GENESEE FREE-NET BYLAWS (Adopted 11/19/96)
(Revised November 2007)
SECTION I. NAME AND FISCAL YEAR
The name of the Corporation is Genesee Free-Net. The fiscal year shall be the Gregorian calendar year.
SECTION II. PURPOSE
The purpose of the Genesee Free-Net is to provide those who live or work in Genesee County and the State of Michigan with electronic access to local, regional and worldwide information.
SECTION III. MEMBERS, POWER TO VOTE AND DUES
A. All designated users holding a Genesee Free-Net on-line account are also members of Genesee Free-Net and are entitled to vote.
B. A designated user holding more than one account is entitled to only one vote.

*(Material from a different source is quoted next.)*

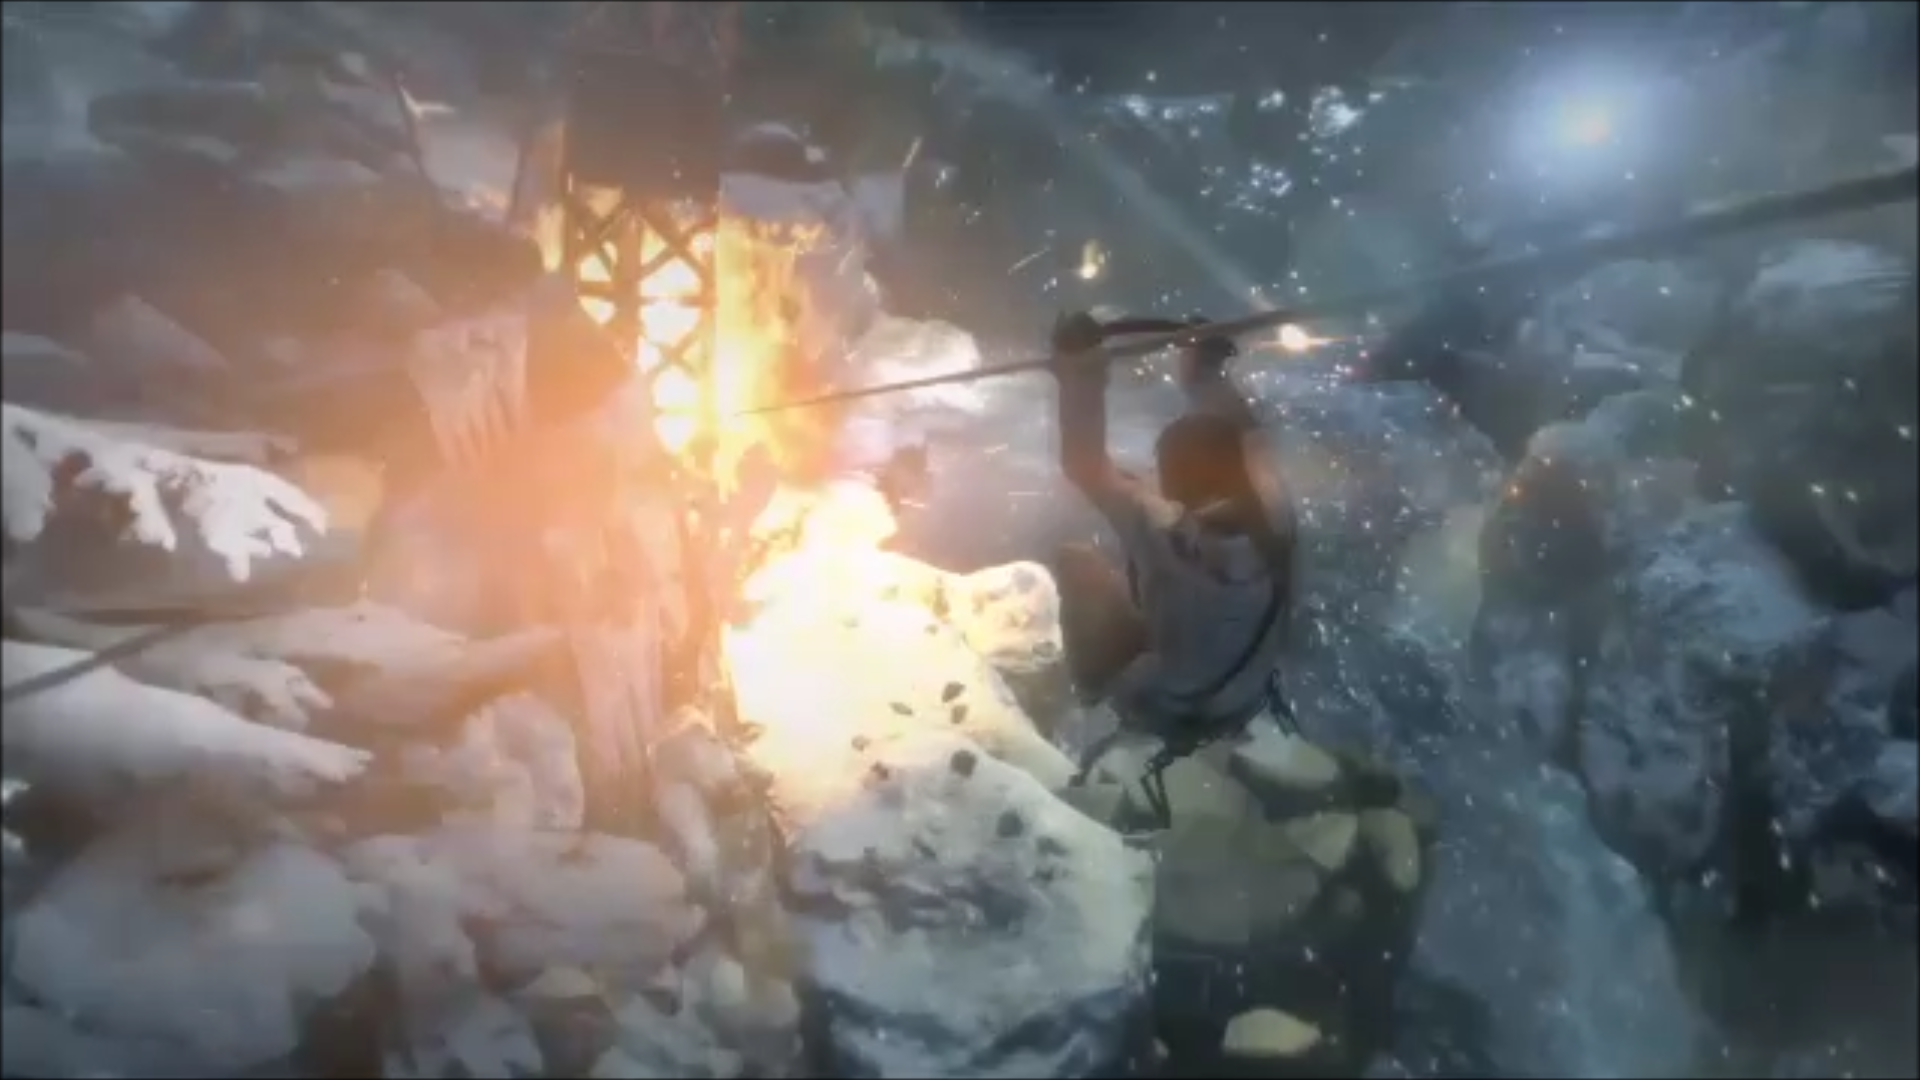 Lara Croft sur une tyrolienne

C. There shall be no dues.
SECTION IV. MEETINGS
1. Annual Meeting.
The Annual Meeting of the Membership shall be held in Genesee County, Michigan, during the month of October, at a time and place set by the Board of Directors, for the purpose of nominating Directors, and any other business that shall properly come before the Membership. Directors shall be elected via an electronic ballot distributed within the five days following the Annual Meeting. The Ballot is to be returned within the thirty days following the Annual Meeting. Directors so elected will take office on January first.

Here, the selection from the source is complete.